In Situ Volumetric Imaging and Analysis of FRESH 3D Bioprinted Constructs Using Optical Coherence Tomography

Abstract

As 3D bioprinting has grown as a fabrication technology, so too has the need for improved analytical methods to characterize these engineered constructs. This is especially challenging for soft tissues composed of hydrogels and cells as these materials readily deform, posing a barrier when trying to assess print fidelity and other properties non-destructively. Indeed, given the importance of structure-function relationships in most tissue types, establishing that the 3D architecture of the bioprinted construct matches its intended anatomic design is critical. Here we report development of a multimaterial bioprinting platform with integrated optical coherence tomography (OCT) for in situ volumetric imaging, error detection, and 3D reconstruction. While generally applicable to extrusion-based 3D bioprinting, we also report improvements to the Freeform Reversible Embedding of Suspended Hydrogels (FRESH) bioprinting process through new collagen bioink compositions, support bath optical clearing, and machine pathing.
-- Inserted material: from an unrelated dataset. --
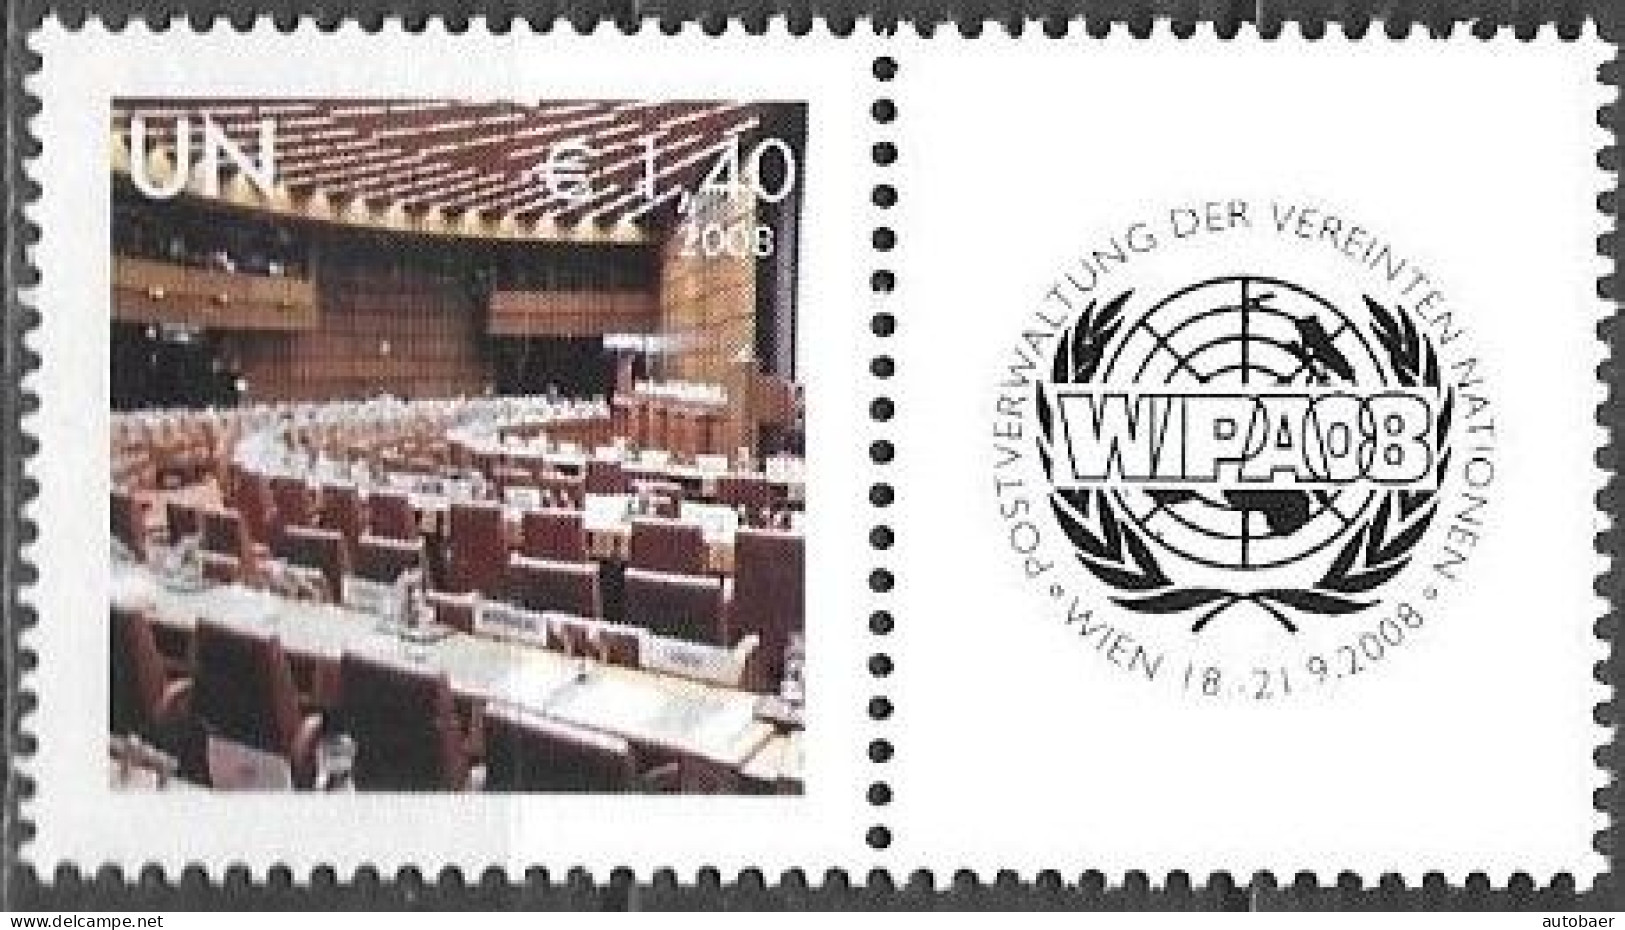 United Nations UNO UN Vereinte Nationen Vienna Wien 2008 Stamp Exhibition WIPA Briefmarken Ausstellung Mi. 554 MNH ** - Unused Stamps

This enables high-fidelity 3D volumetric imaging with micron scale resolution over centimeter length scales, the ability to detect a range of print defect types within a 3D volume, and real-time imaging of the printing process at each print layer. These advances provide FRESH and other extrusion-based 3D bioprinting approaches with a comprehensive methodology for quality assessment that has been absent in the field to date, paving the way for translation of these engineered tissues to the clinic and ultimately to achieving regulatory approval. Teaser Transparent FRESH support bath enables in situ 3D volumetric imaging and validation of patient-derived tissue constructs.